+++ Input for this task +++

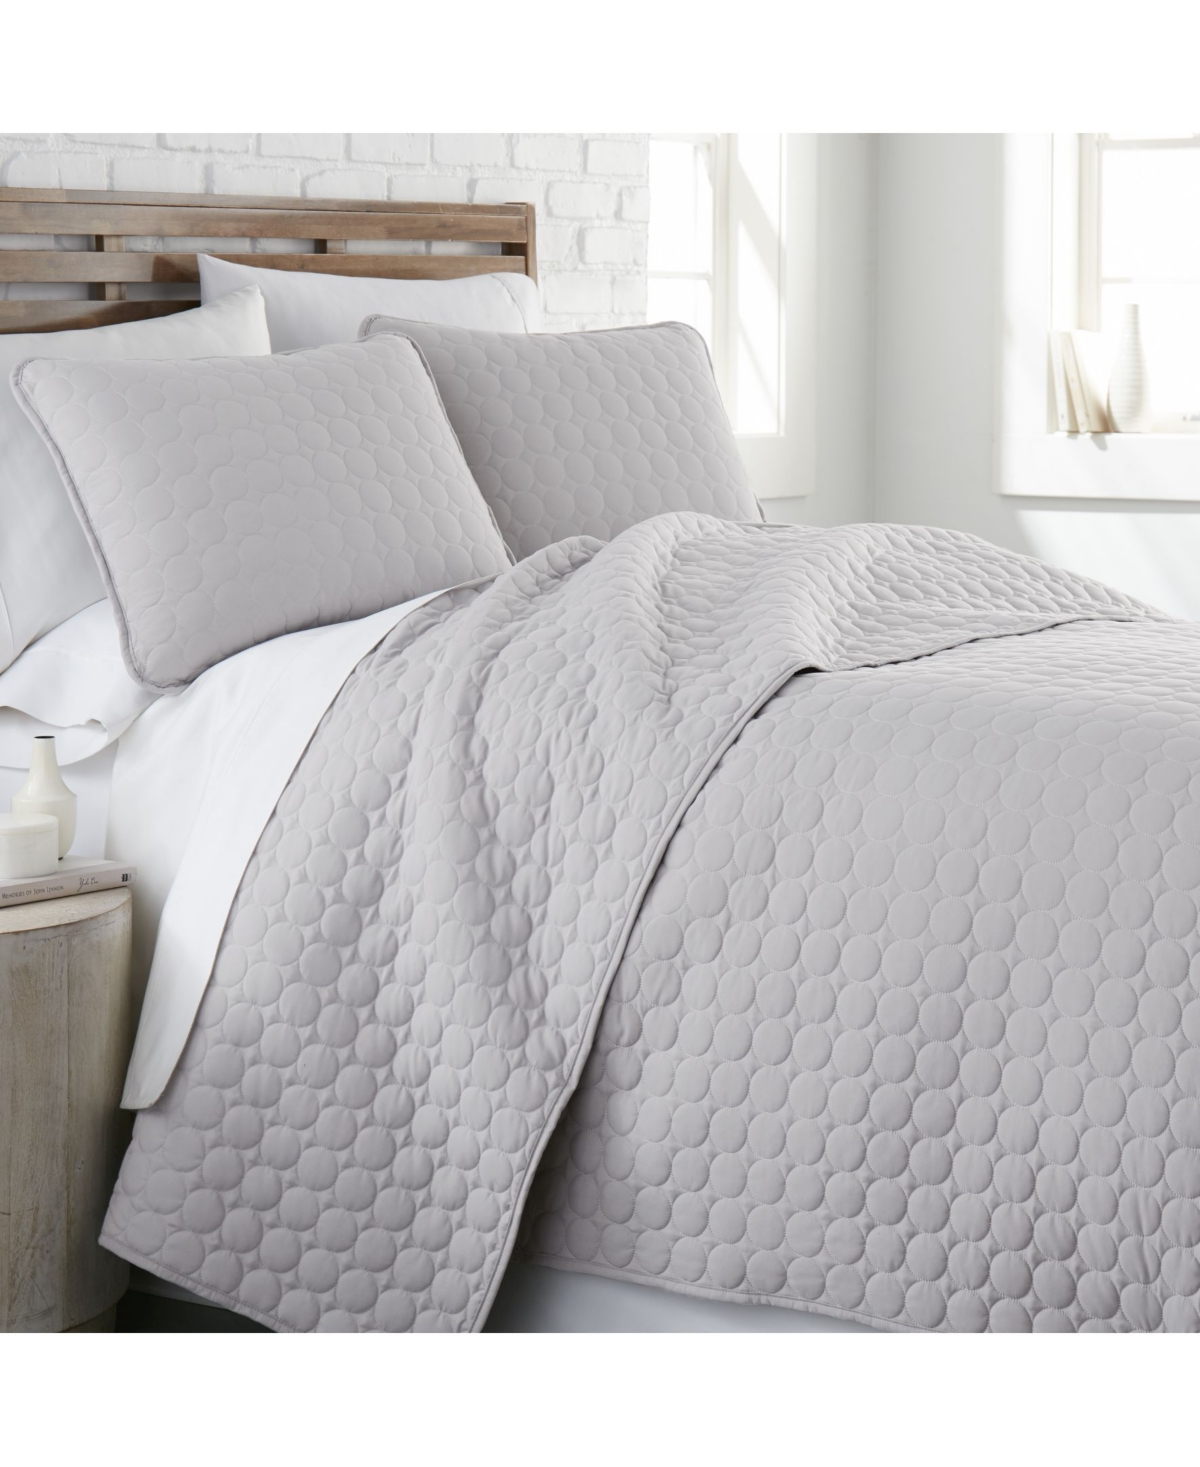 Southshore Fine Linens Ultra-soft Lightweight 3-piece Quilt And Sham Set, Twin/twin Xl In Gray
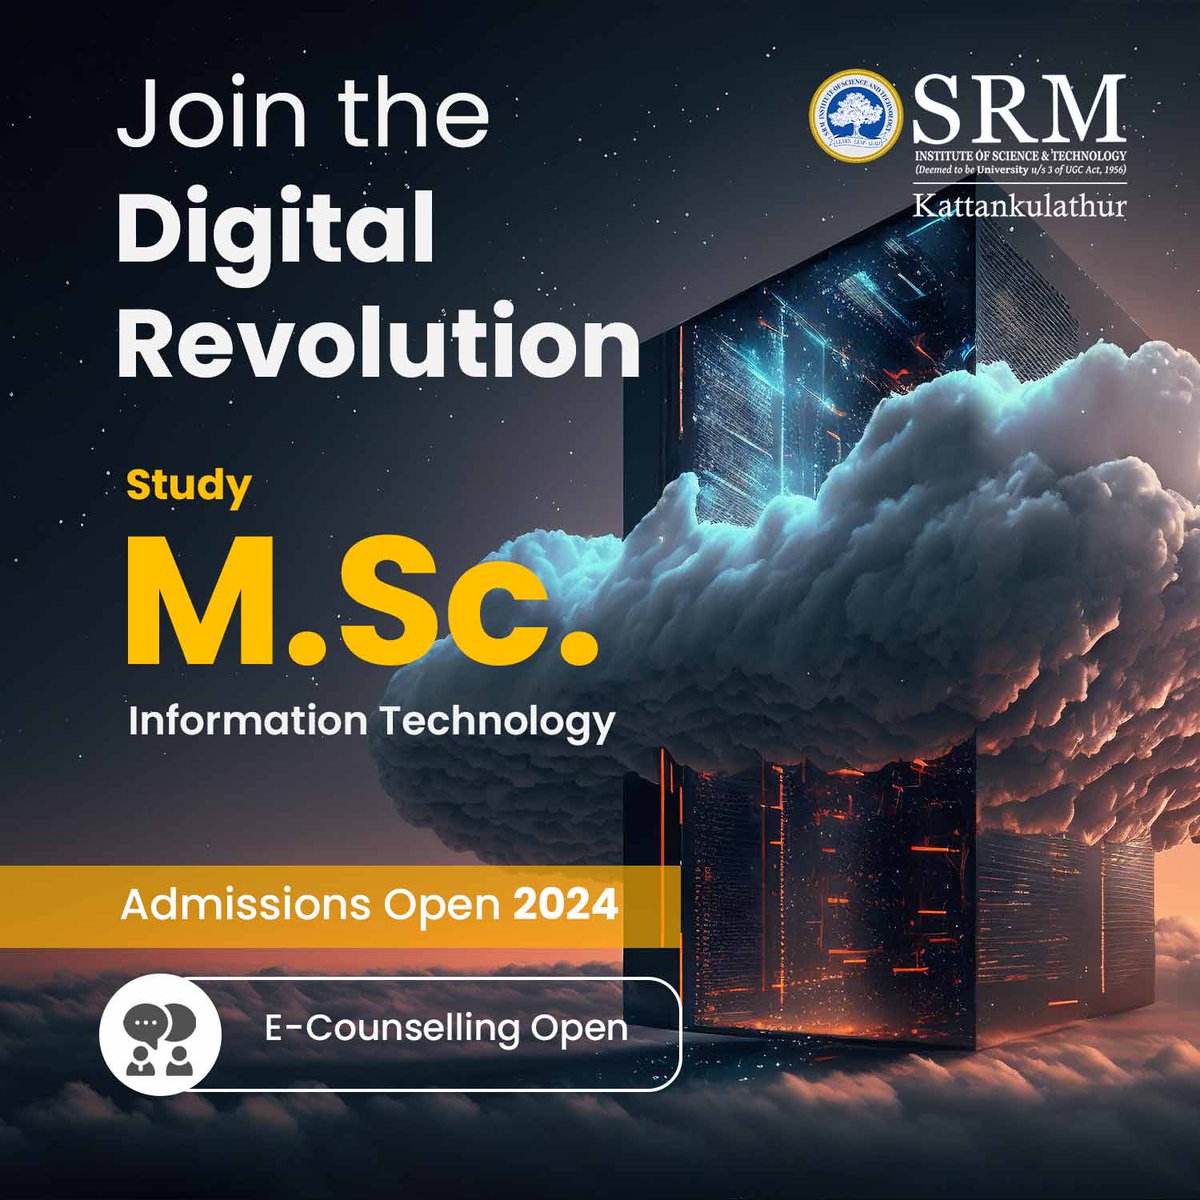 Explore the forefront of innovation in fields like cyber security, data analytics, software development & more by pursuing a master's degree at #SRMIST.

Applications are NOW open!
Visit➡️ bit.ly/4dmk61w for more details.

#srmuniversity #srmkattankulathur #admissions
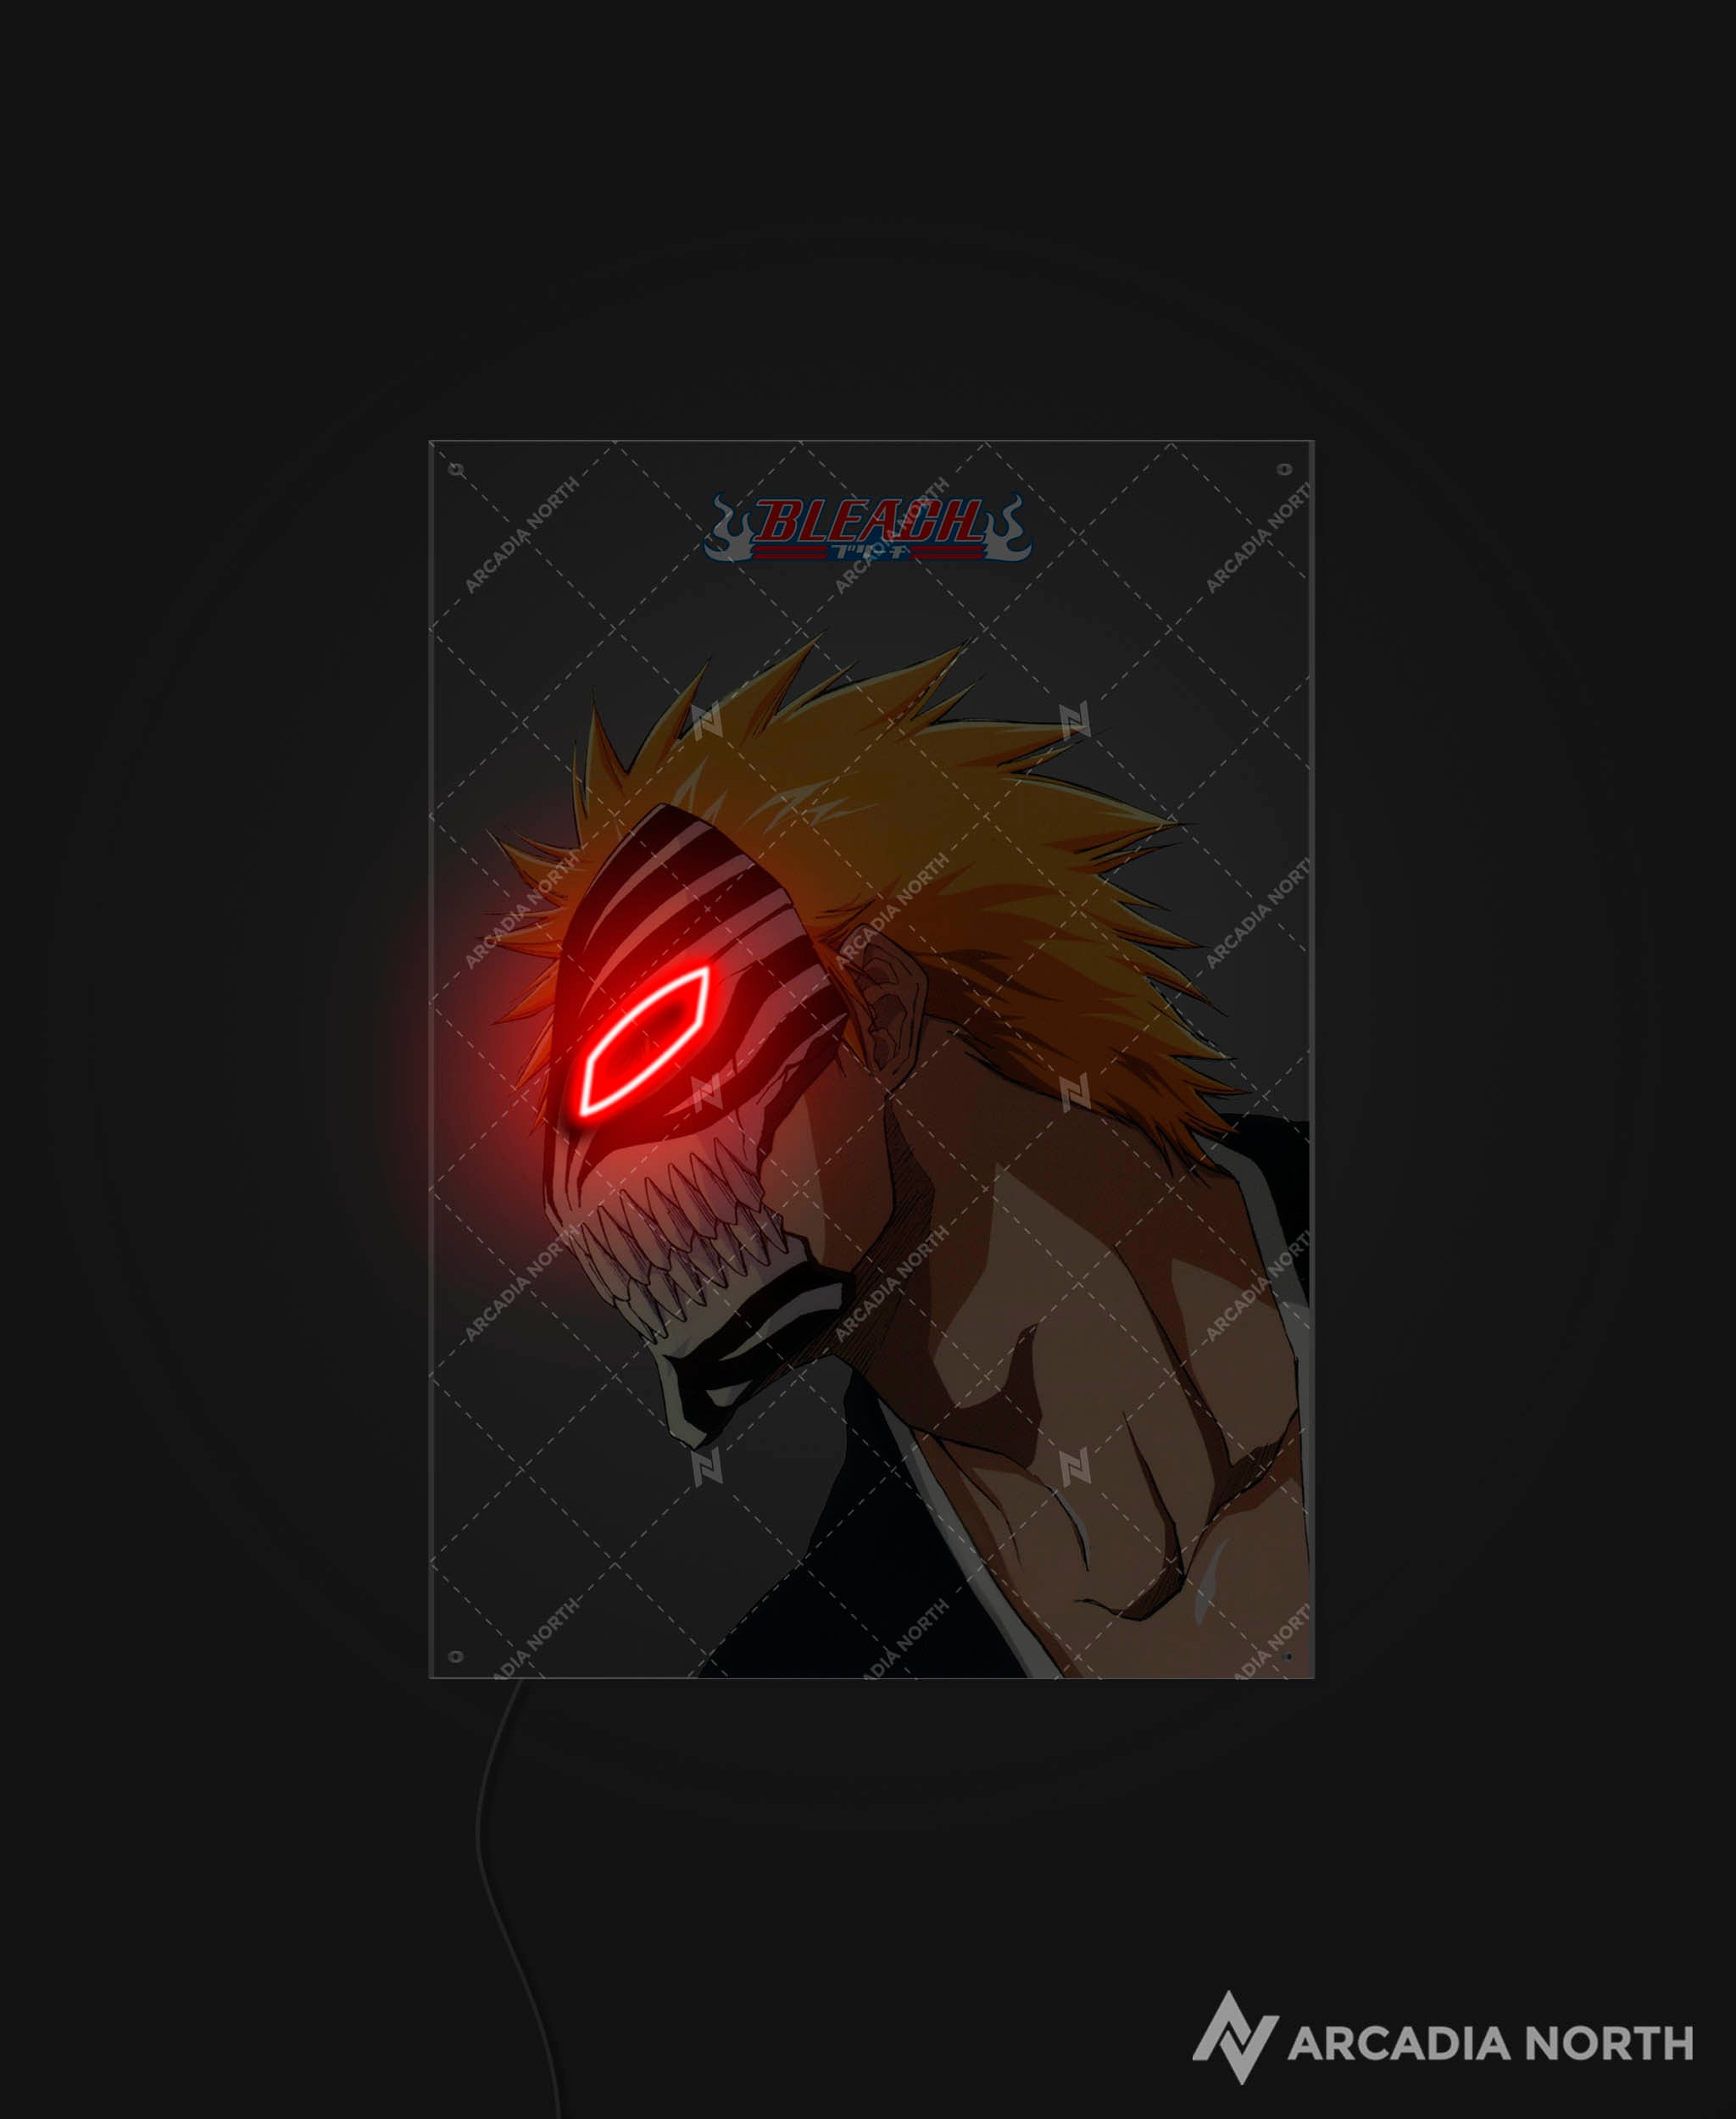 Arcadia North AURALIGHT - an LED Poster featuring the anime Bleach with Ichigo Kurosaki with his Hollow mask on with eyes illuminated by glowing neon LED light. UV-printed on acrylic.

+++

**Goal of the exercise**
Copy the records above exactly, leaving out every picture.

**Output for this task**
 Southshore Fine Linens Ultra-soft Lightweight 3-piece Quilt And Sham Set, Twin/twin Xl In Gray
 Explore the forefront of innovation in fields like cyber security, data analytics, software development & more by pursuing a master's degree at #SRMIST.

Applications are NOW open!
Visit➡️ bit.ly/4dmk61w for more details.

#srmuniversity #srmkattankulathur #admissions
 Arcadia North AURALIGHT - an LED Poster featuring the anime Bleach with Ichigo Kurosaki with his Hollow mask on with eyes illuminated by glowing neon LED light. UV-printed on acrylic.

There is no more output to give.